If the character comes into the room, I ask, “ Who’s in the room? How do that person make me feel? How do I make them feel? Do they make me feel inadequate? Do they make me feel powerful?” Whatever, you know? There’s various stages of that with both the characters with the positions of power. Who’s in control changes all the time. When she[Sabina] comes into the hospital at the beginning, I’m definitely the guy in control. By the time the end of the film – she comes to visit me – she’s sort of a ease with herself and Jungs about to go into this breakdown. It’s this thing with Freud. At the beginning Jung is all, “this is my hero and I get to meet him. This is the most amazing thing.” And of course, the master-pupil relationship turns. In order for me to really grow and explore my theory of the psycho-analysis, I have to break away from the master and grow as an individual. What I think is so interesting with this, what Christopher has done, is you’ve got these heavyweights – Jung and Freud – but he shows them as very human, very flawed. These two guys had massive egos. I always found the script really funny. Viggo and I tried to find the comedy in it as much as possible. That was great as I’ve always been a massive fan and he’s a wonderful human being as well.

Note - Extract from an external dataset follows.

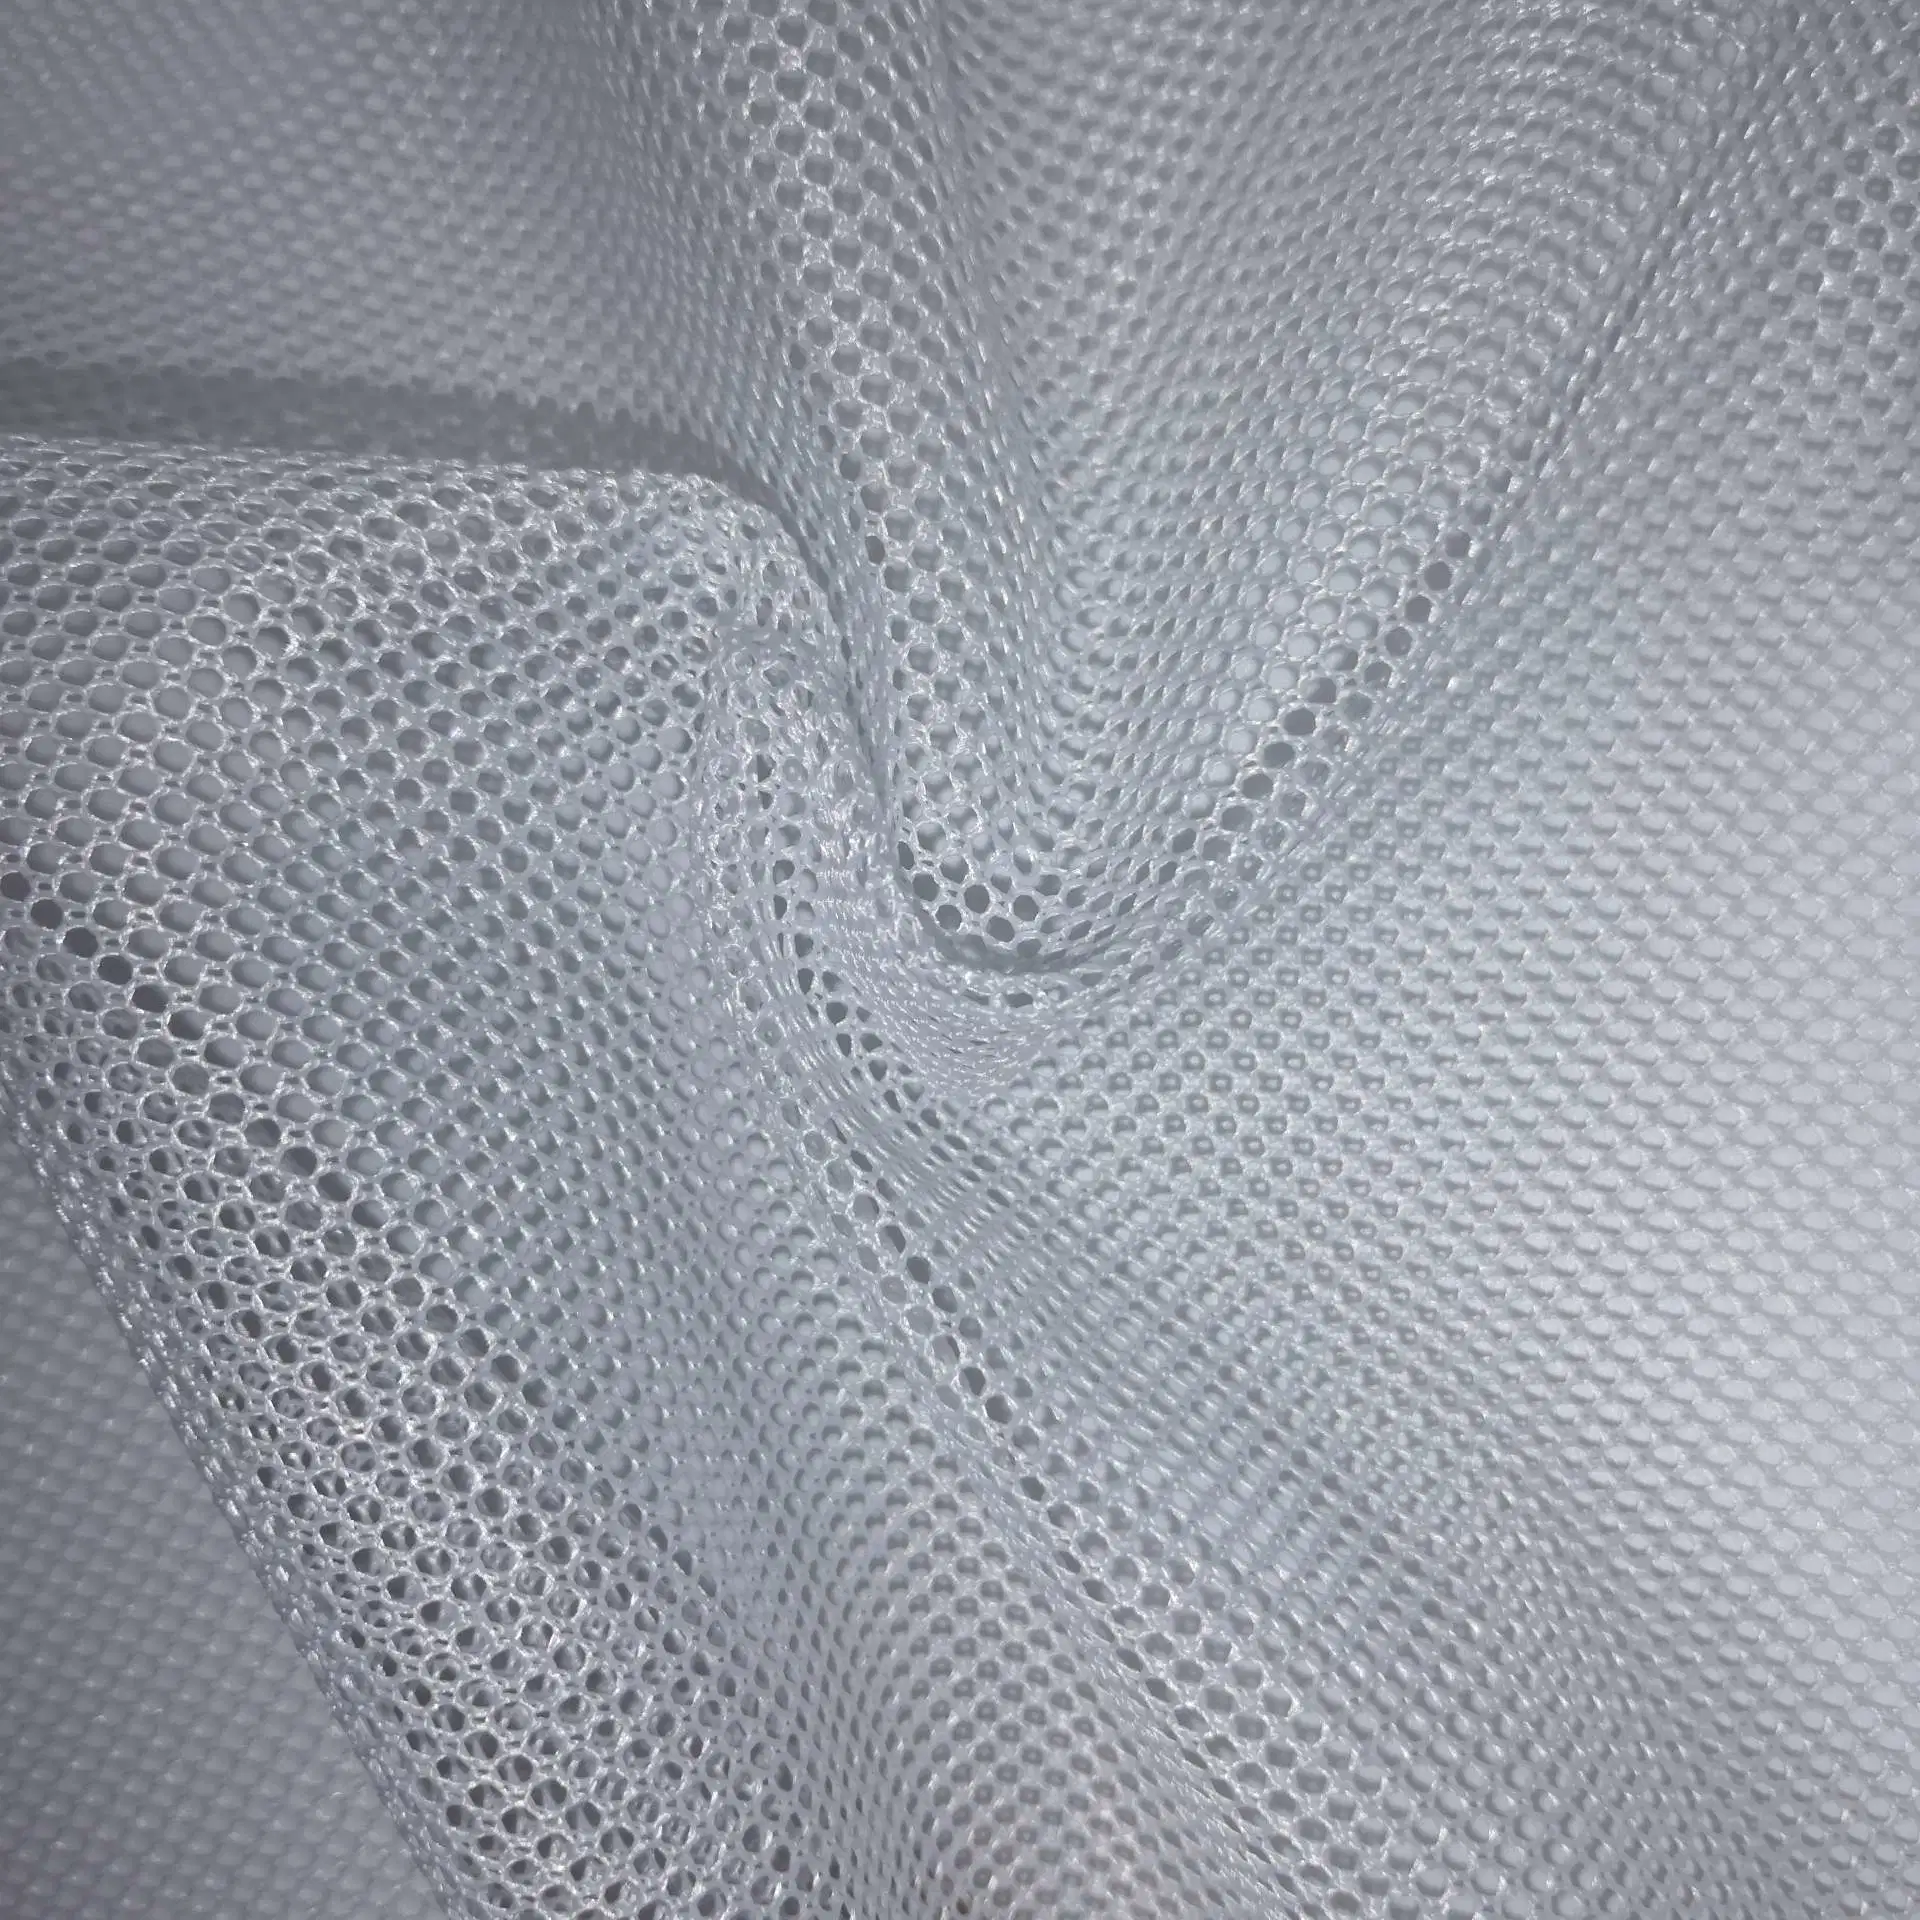 Мягкий и Wearproof сетчатый материал из 100% полиэстера Net/Mesh трикотажные одежды/Крышка кузова ткань для внутренней панели боковины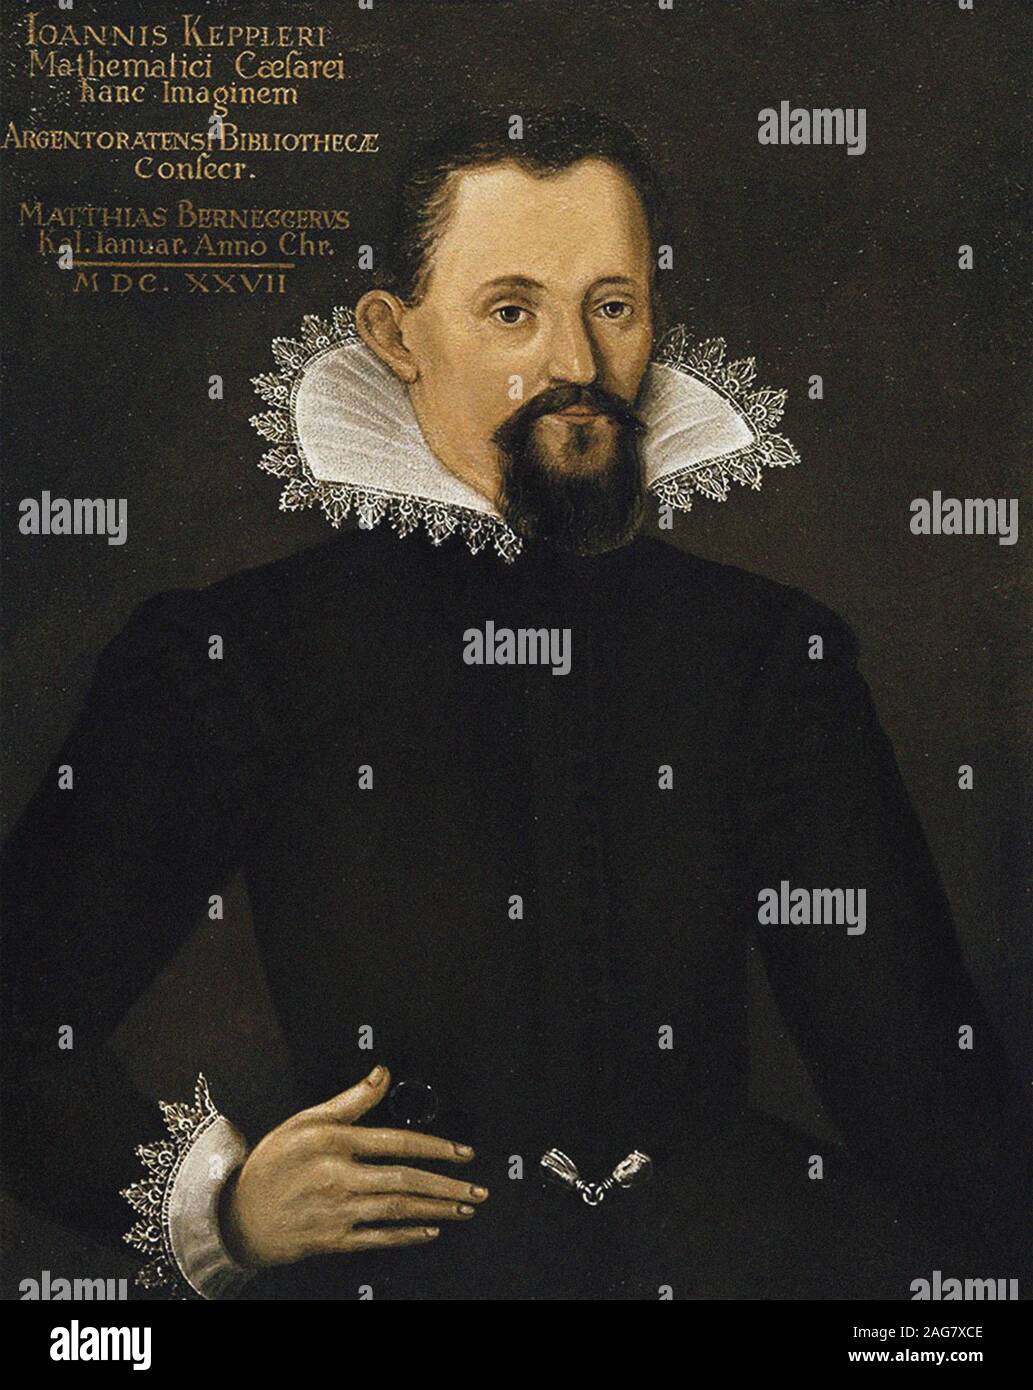 Portrait de Johannes Kepler (1571-1630), ch. 1620. On trouve dans la collection de bibliothèque de l'Académie des Sciences de Russie, Saint-Pétersbourg. Banque D'Images

Some of the most exciting, intricately layered scenes in the film are between Fassbender and Mortensen. Fassbender says of his first meeting with Mortensen,

First of all, I was nervous. Very quickly we got along. He’s very supportive. Very generous. Obviously very prepared. Noboby knew when Viggo was going to arrive. That’s the thing.We had already started filming, Keira and I. And there was nobody at the airport to meet him. He got a rent-a-car and just turned up. And his trailer, it was the World Cup at the time and all these flags started showing up. He’s very interesting. He writes poetry. He’s a photographer. He rides horses as well. So he’s just sort of artistically rich. I just tried to watch and learn as much as I could.

A DANGEROUS METHOD opens on November 23 in New York and Los Angeles.